AugMix leverages `torchvision.transforms` to add a transformation to the dataset which will be applied per image on the CPU. The transformation takes in a `PIL.Image` and outputs a `PIL.Image` with AugMix applied.

The functional form of AugMix (`augmix_image()`) requires AugMix hyperparameters when it is called.

The Torchvision transform form of AugMix (`AugmentAndMixTransform`) is composable with other dataset transformations via `torchvision.transforms.Compose`.

The class form of AugMix runs on `Event.FIT_START` and inserts `AugmentAndMixTransform` into the set of transforms in a `torchvision.datasets.VisionDataset` dataset.

## Suggested Hyperparameters

[As per Hendrycks et al. (2020)](https://arxiv.org/abs/1912.02781), we found that `width=3`, `depth=-1`, (`depth=-1` means that depth will be randomly sampled from the uniform distribution {1, 2, 3} for each data sample), `severity=3` (out of a maximum possible value of 10), and `alpha=1` (i.e., performing no mixing with the original image) worked well for different models of the ResNet family.

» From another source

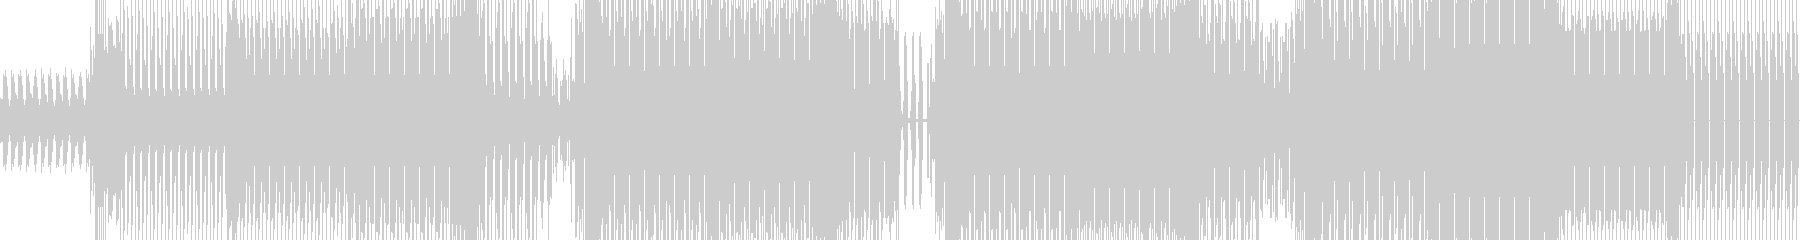 エレクトロニクス、コンピューター、...の未再生の波形

We used `augmentation_set=all`.

> ❗ Potential CPU Bottleneck
>
> Further increasing `width` or `depth` significantly decreases throughput when training ResNet-50 on ImageNet due to bottlenecks in performing data augmentation on the CPU.

## Technical Details

AugMix randomly samples `depth` image augmentations (with replacement) from the set of {`translate_x`, `translate_y`, `shear_x`, `shear_y`, `rotate`, `solarize`, `equalize`, `posterize`, `autocontrast`, `color`, `brightness`, `contrast`, `sharpness`}.
The augmentations use the PILLOW Image library (specifically Pillow-SIMD); we found that OpenCV-based augmentations result in similar or worse performance.
AugMix is applied after "standard" image transformations, such as resizing and cropping, and before normalization.
Each augmentation is applied with an intensity that is randomly sampled uniformly from \[0.1-`severity`\] (`severity` ≤ 10). where `severity` is a unit-free upper bound on the intensity of an augmentation and is mapped to the unit specific for each augmentation. For example, `severity` would be mapped to degrees for the rotation augmentation with `severity=10` corresponding to 30°.

Hendrycks et al.’s original implementation of AugMix also includes a custom loss function computed across three samples (an image and two AugMix’d versions of that image).
We omit this custom loss function from our AugMix implementation because it effectively triples the number of samples required for a parameter update step, imposing a significant computational burden.
Our implementation, which consists only of the augmentation component of AugMix, is referred to by Hendrycks et al. as "AugmentAndMix."

> ❗ AugMix Provided Limited Benefits in Our Experiments
>
> We found that using AugMix with the hyperparameters recommended by Hendrycks et al. can increase the data augmentation load on the CPU so much that it bottlenecks training.
> Depending on the hardware configuration and model, we found that those hyperparameters increase training time by 1.1x-10x.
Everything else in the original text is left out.